URSA lecturer is moved by geological movement
by Mikhail Ronnander
Next week in Schaible Auditorium, Dr. Jeffrey T. Freymueller will be presenting his work in the field of plate tectonics as part of the Undergraduate Research and Scholarly Activity program. Freymueller will be discussing his work in measuring in real time the movement of the plates that make up the Earth’s crust.
Freymueller’s research involves separating out very minute movements in the Earth’s crust from other factors, such as swelling of a volcano before an eruption. Having a stream of data about the motion of the surface of the planet allows GPS makers to be more accurate.
He is also researching the motion and deformation of the Earth caused by plate tectonics, earthquakes, volcanism and adding or removing ice from glaciers. The research focuses on how the Earth responds to these changes to find out more about the change itself.
Another portion of the research deals with the changes in gravity of the planet and using that to map how mass moves around the planet. This mass is largely composed of “water in its different forms,” Freymueller said.
The model Freymueller developed for the National Geodetic Survey is being used by land surveyors in Alaska to “remove most of the effects of crustal movements from their own position measurements,” according to Freymueller.
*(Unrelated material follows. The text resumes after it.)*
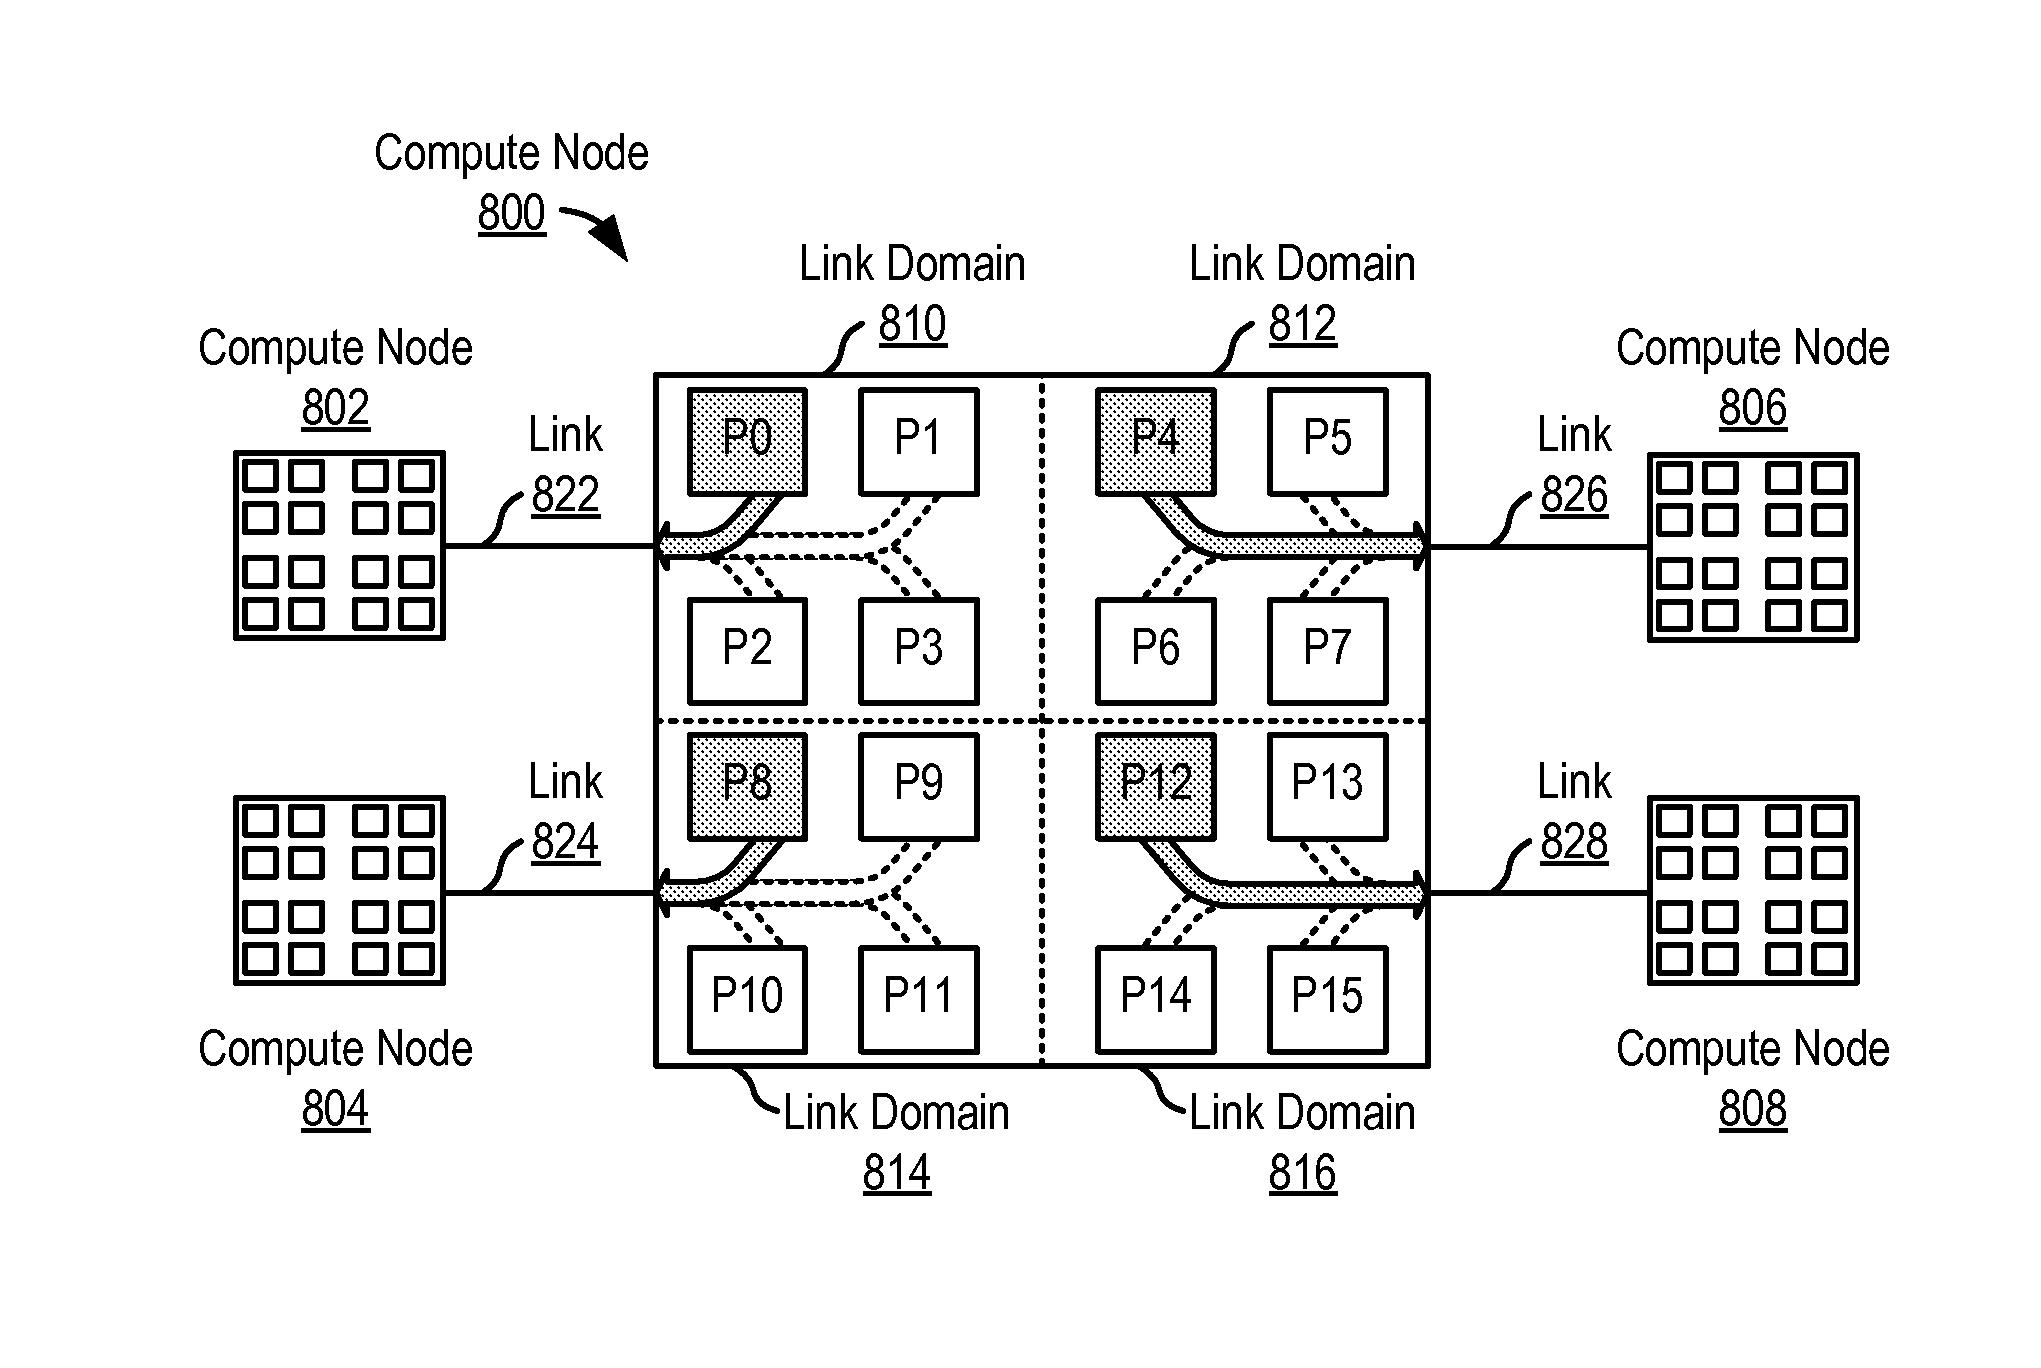 Broadcasting collective operation contributions throughout a parallel computer

He also studies how geological processes create hazards for society processes, like earthquakes and volcanoes which are exciting to study but pose serious dangers.
Some of the work Freymueller did with a student in California has helped people be able to measure changes in the snowpack in the Sierra Nevada in California and measure the effects of a drought in the western Lower 48 by measuring the uplift of the surface of the Earth as water leaves it.
Freymueller hopes that those who attend the research showcase will gain a greater respect for geology. “If anyone sees geology as the study of rocks that never change they could be farther from the truth,” he said.